Work instructions ▸ From the line containing "Joyful partners are" to the last line of the listing, transcribe exactly and add nothing else; keep both ends and omit pictures.

Source material ▸
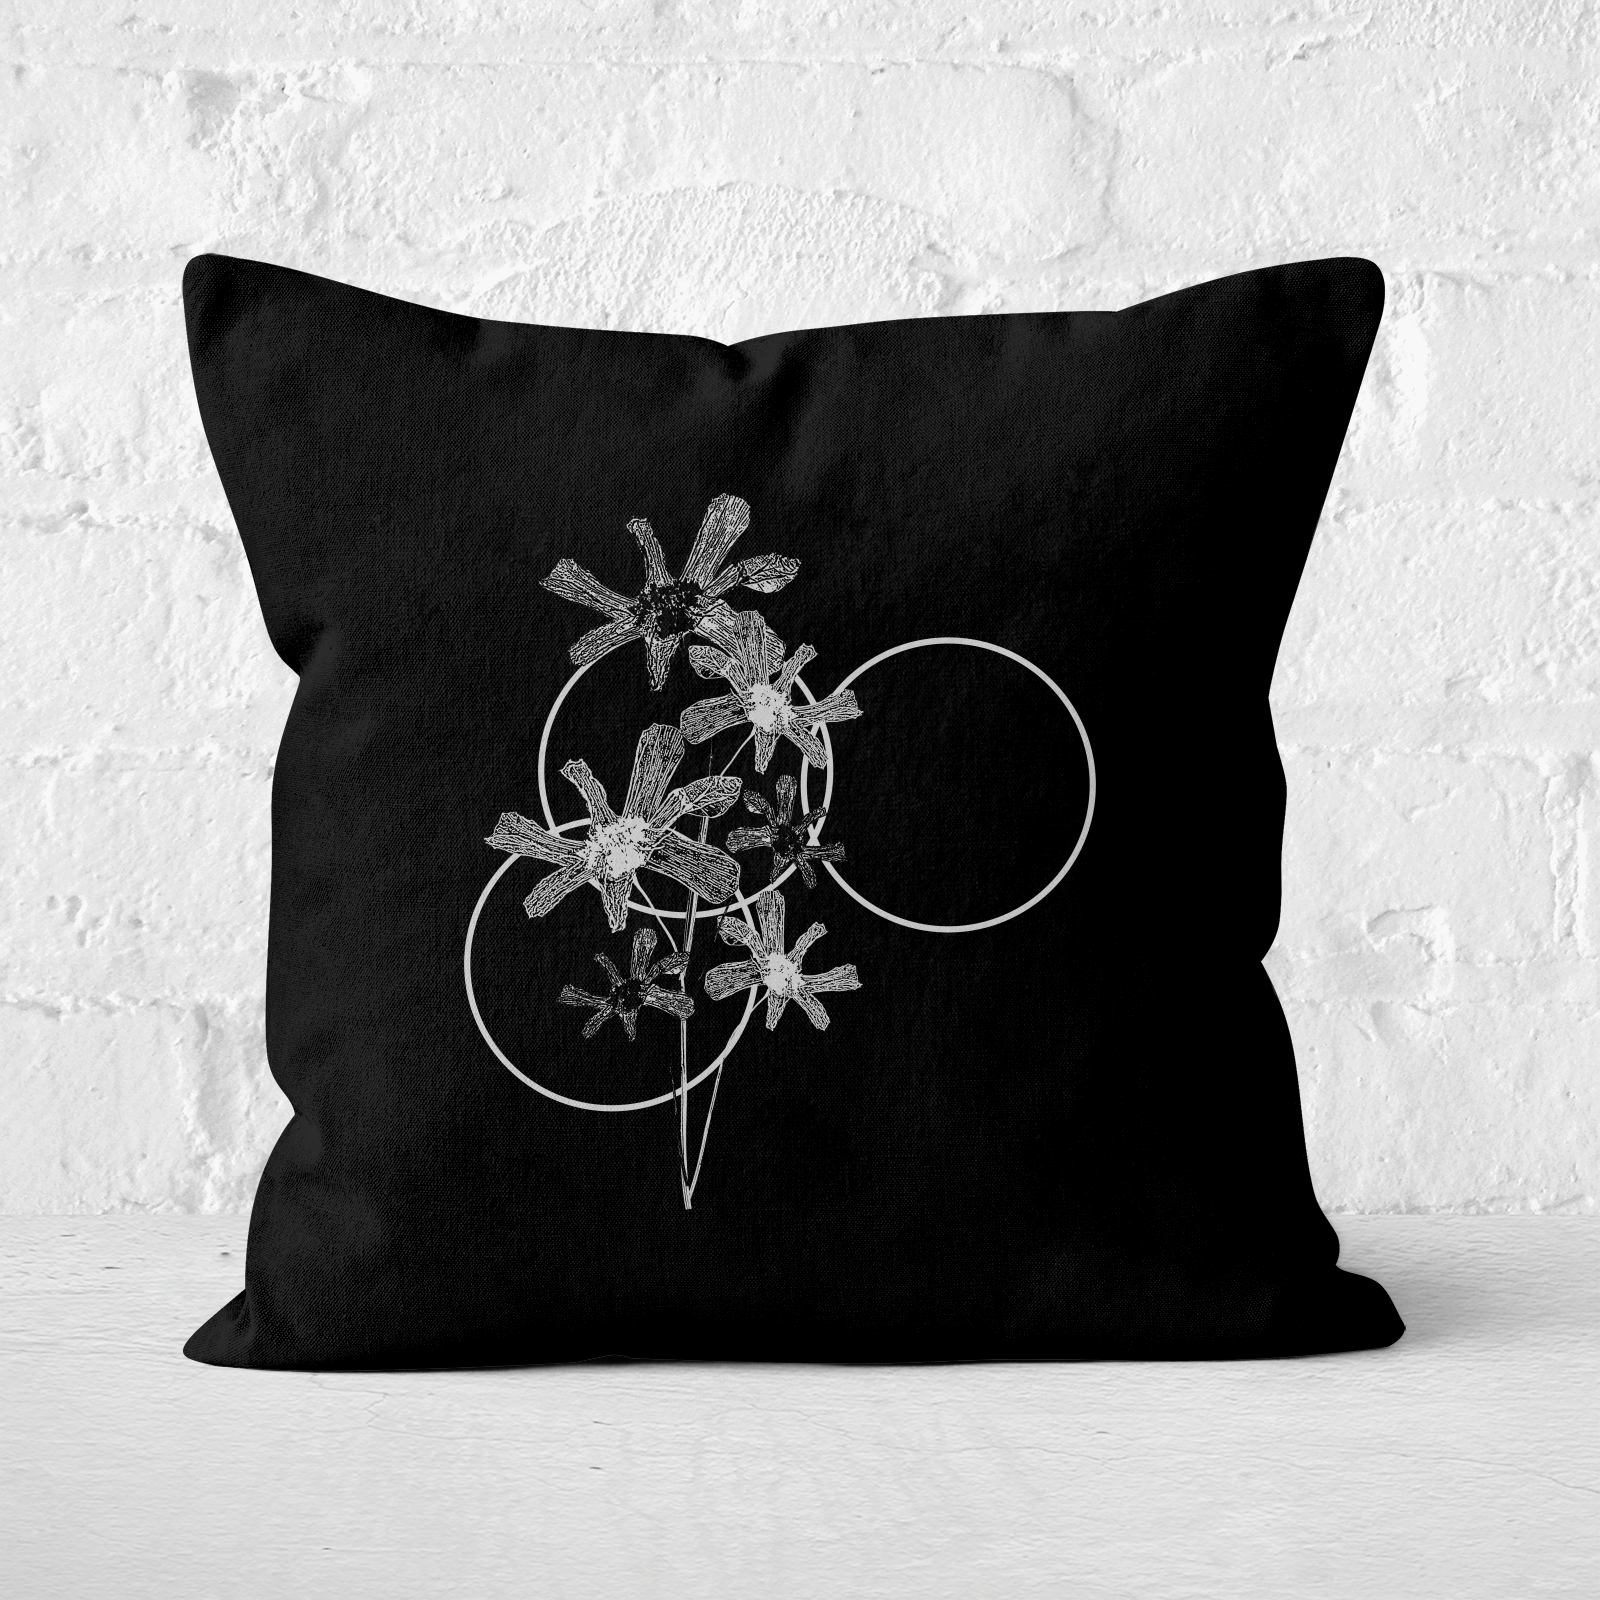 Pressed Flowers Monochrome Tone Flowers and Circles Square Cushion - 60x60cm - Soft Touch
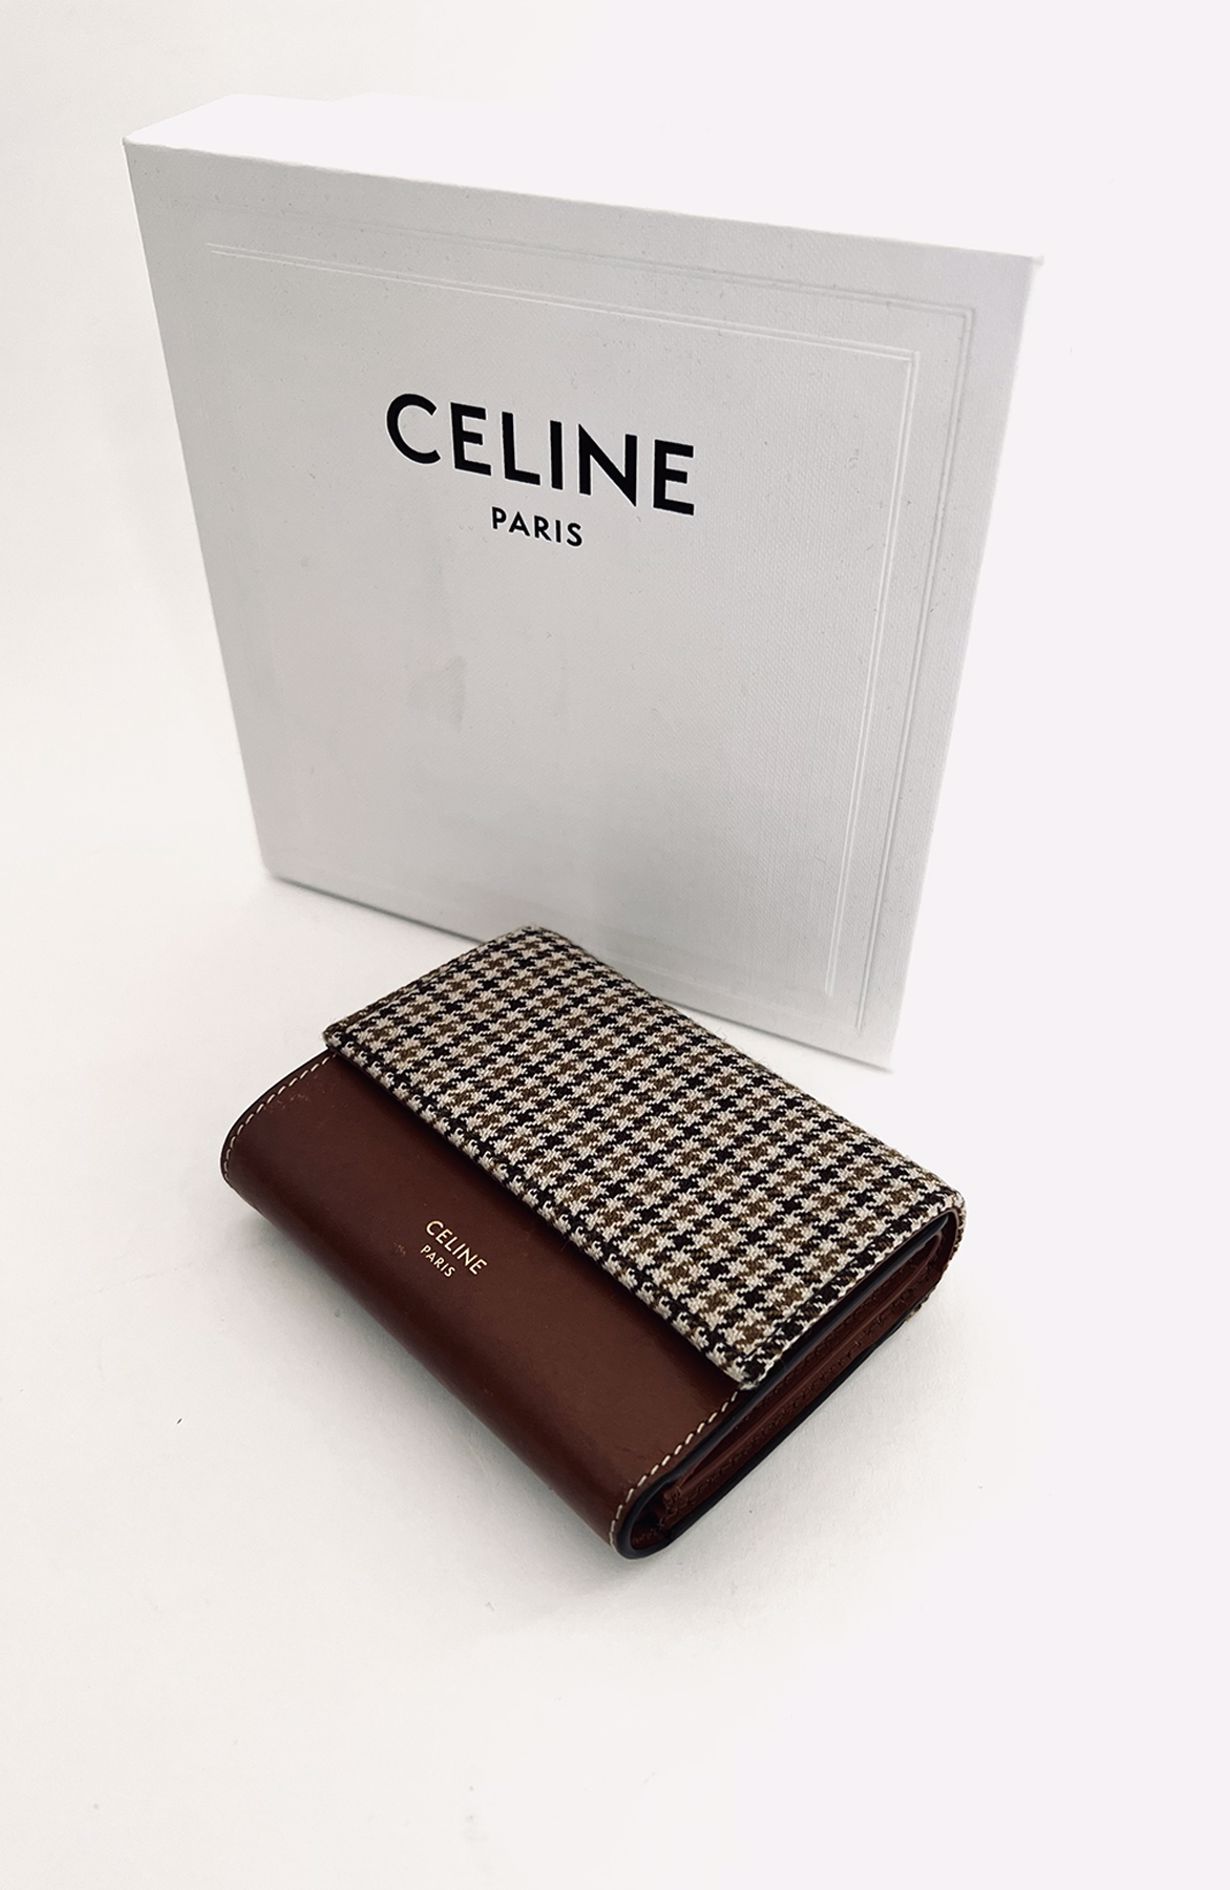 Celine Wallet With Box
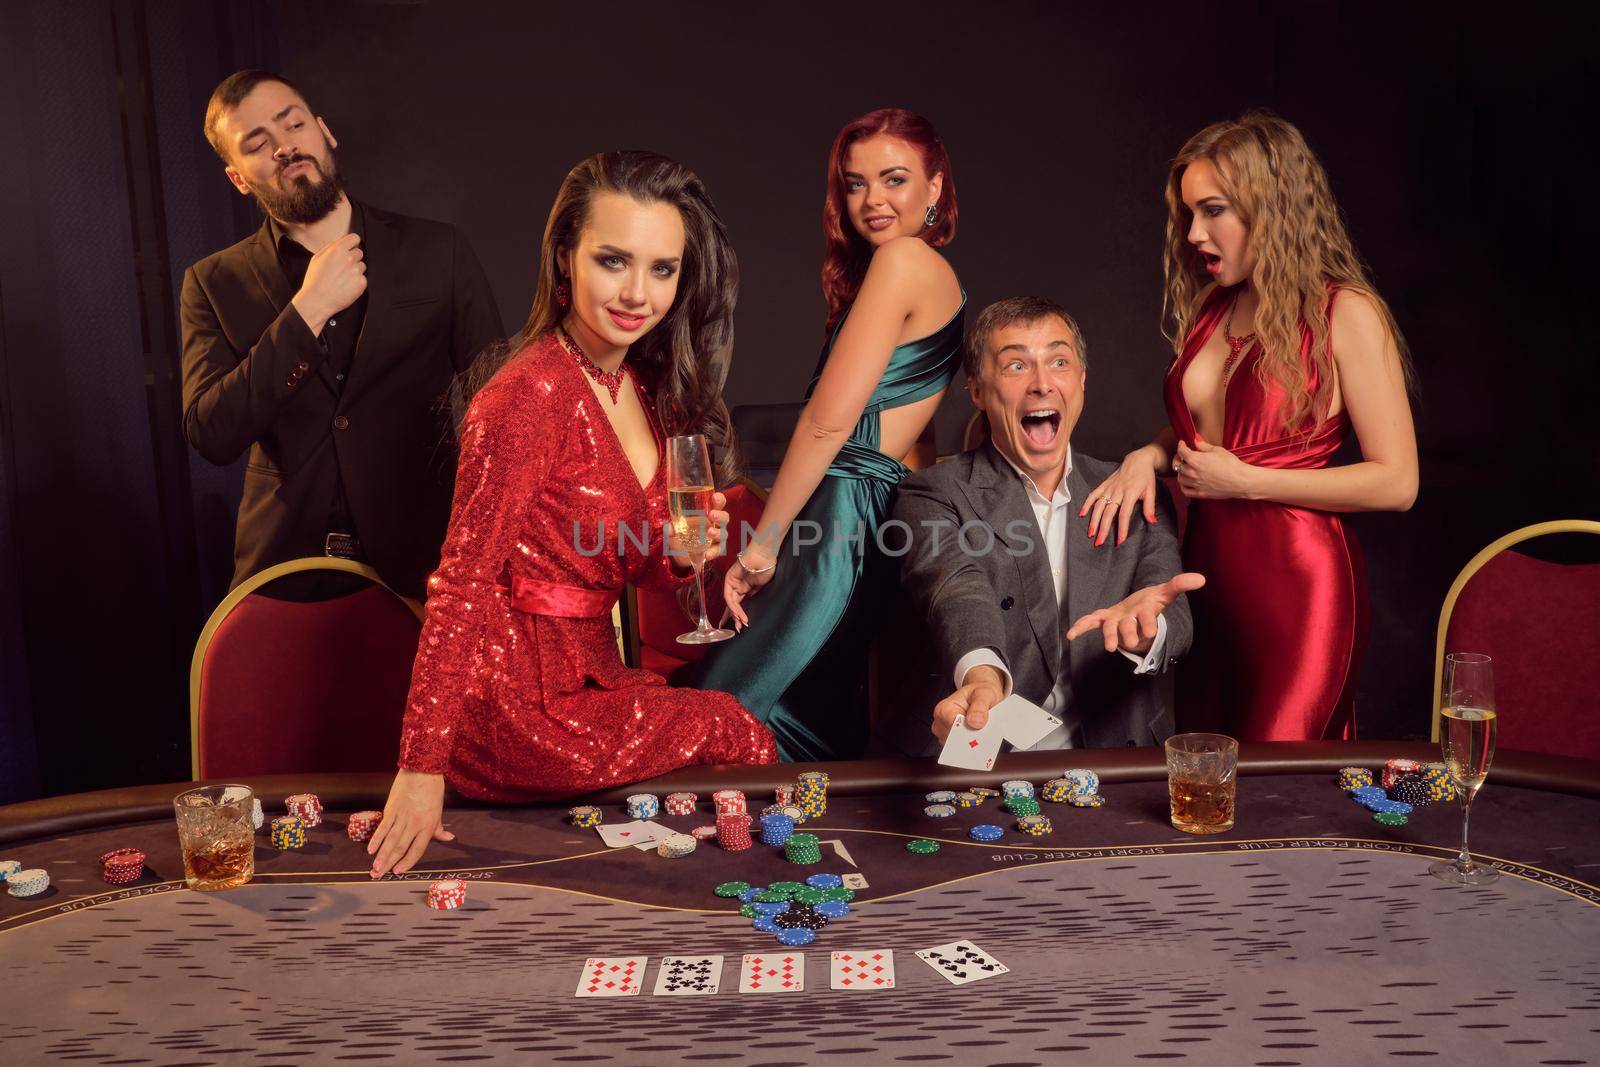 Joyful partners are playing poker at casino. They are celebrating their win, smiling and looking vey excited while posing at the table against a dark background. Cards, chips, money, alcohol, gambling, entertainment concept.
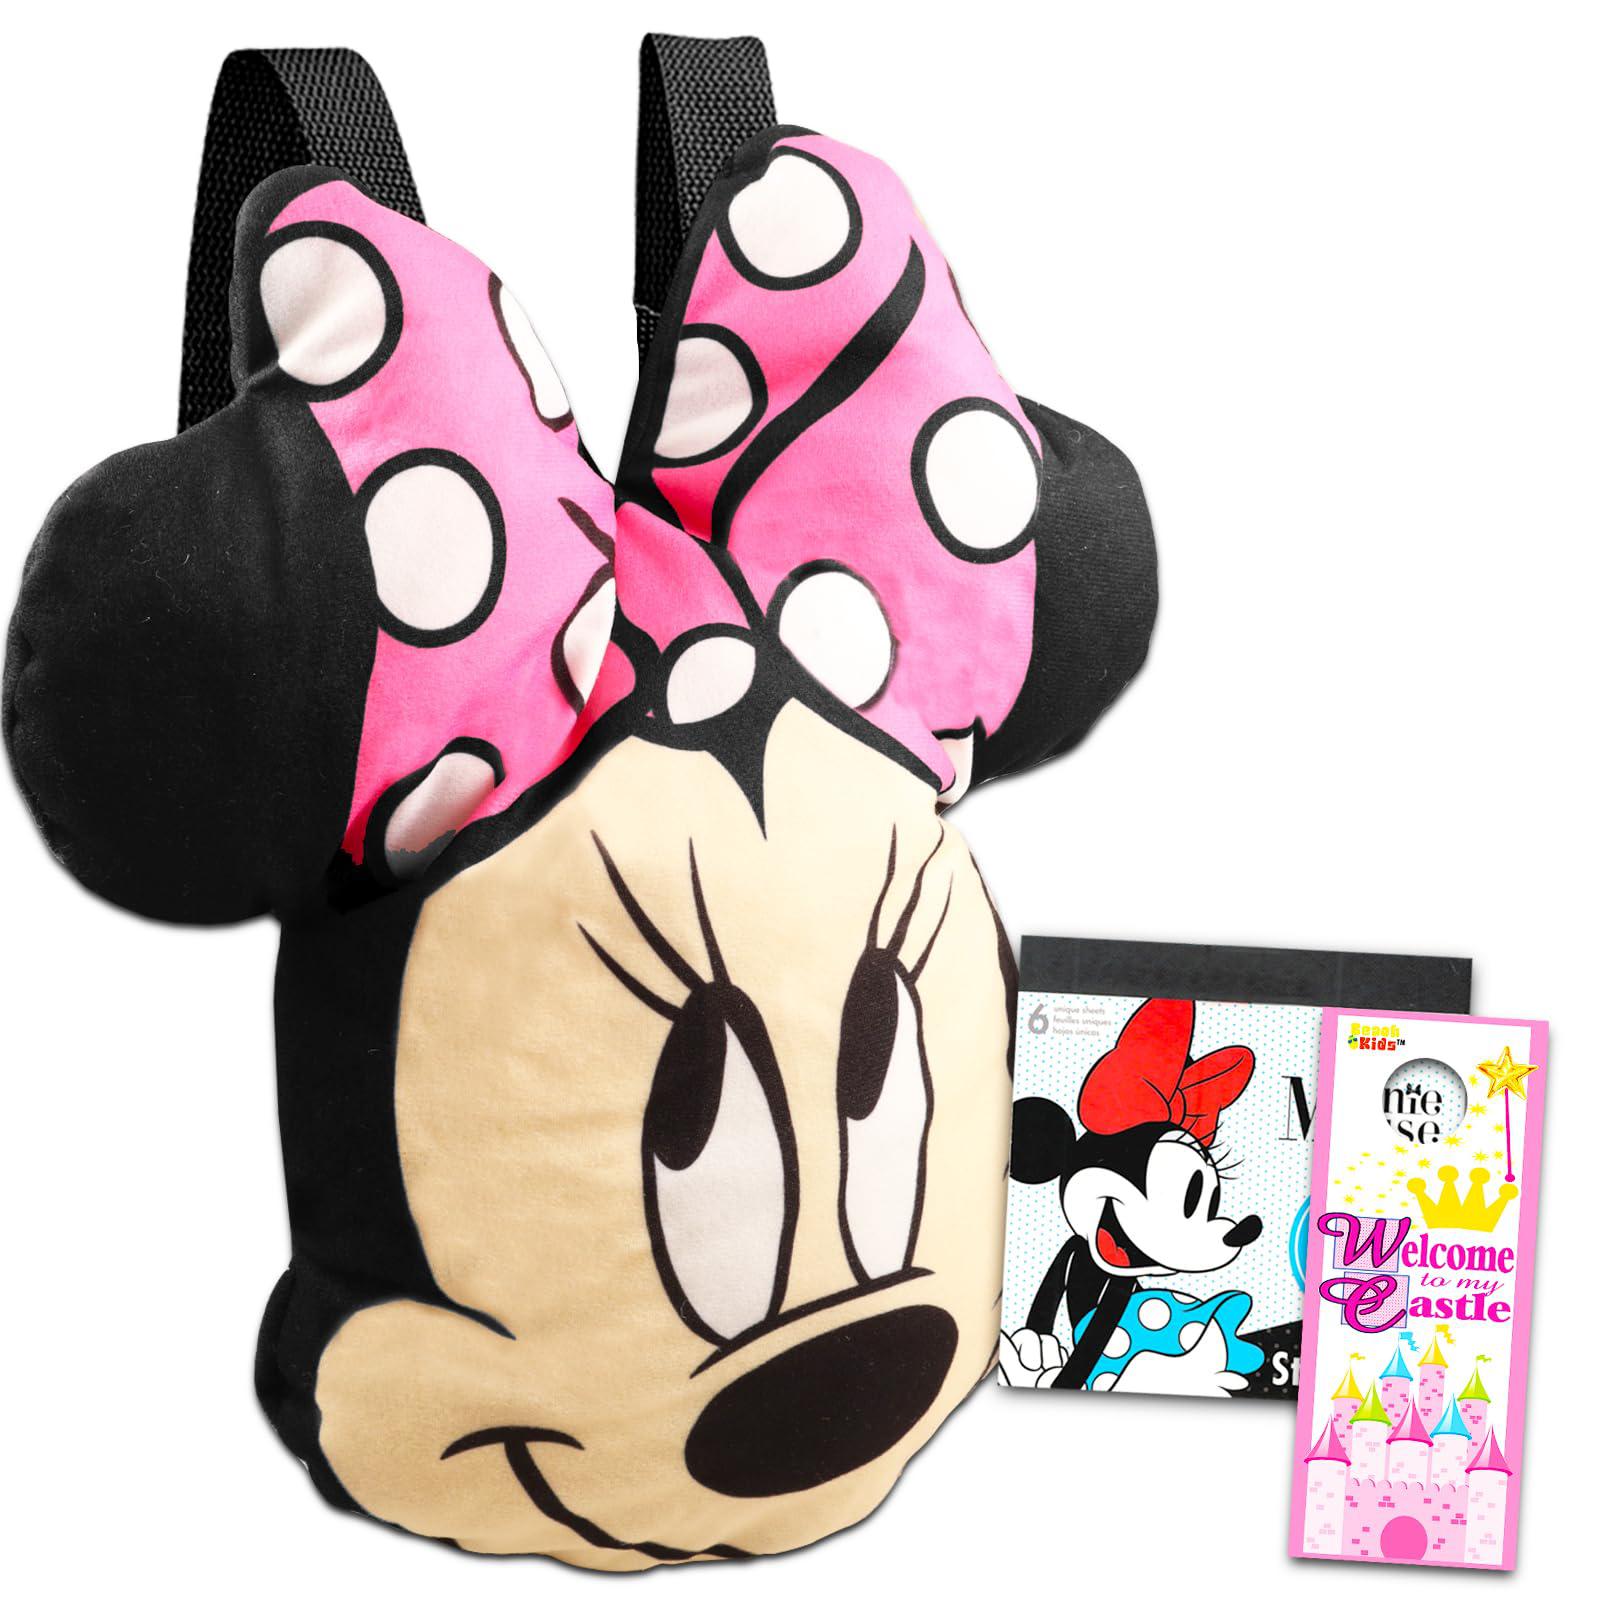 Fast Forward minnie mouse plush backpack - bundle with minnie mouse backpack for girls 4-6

Output below ▸
 Joyful partners are playing poker at casino. They are celebrating their win, smiling and looking vey excited while posing at the table against a dark background. Cards, chips, money, alcohol, gambling, entertainment concept.
 Fast Forward minnie mouse plush backpack - bundle with minnie mouse backpack for girls 4-6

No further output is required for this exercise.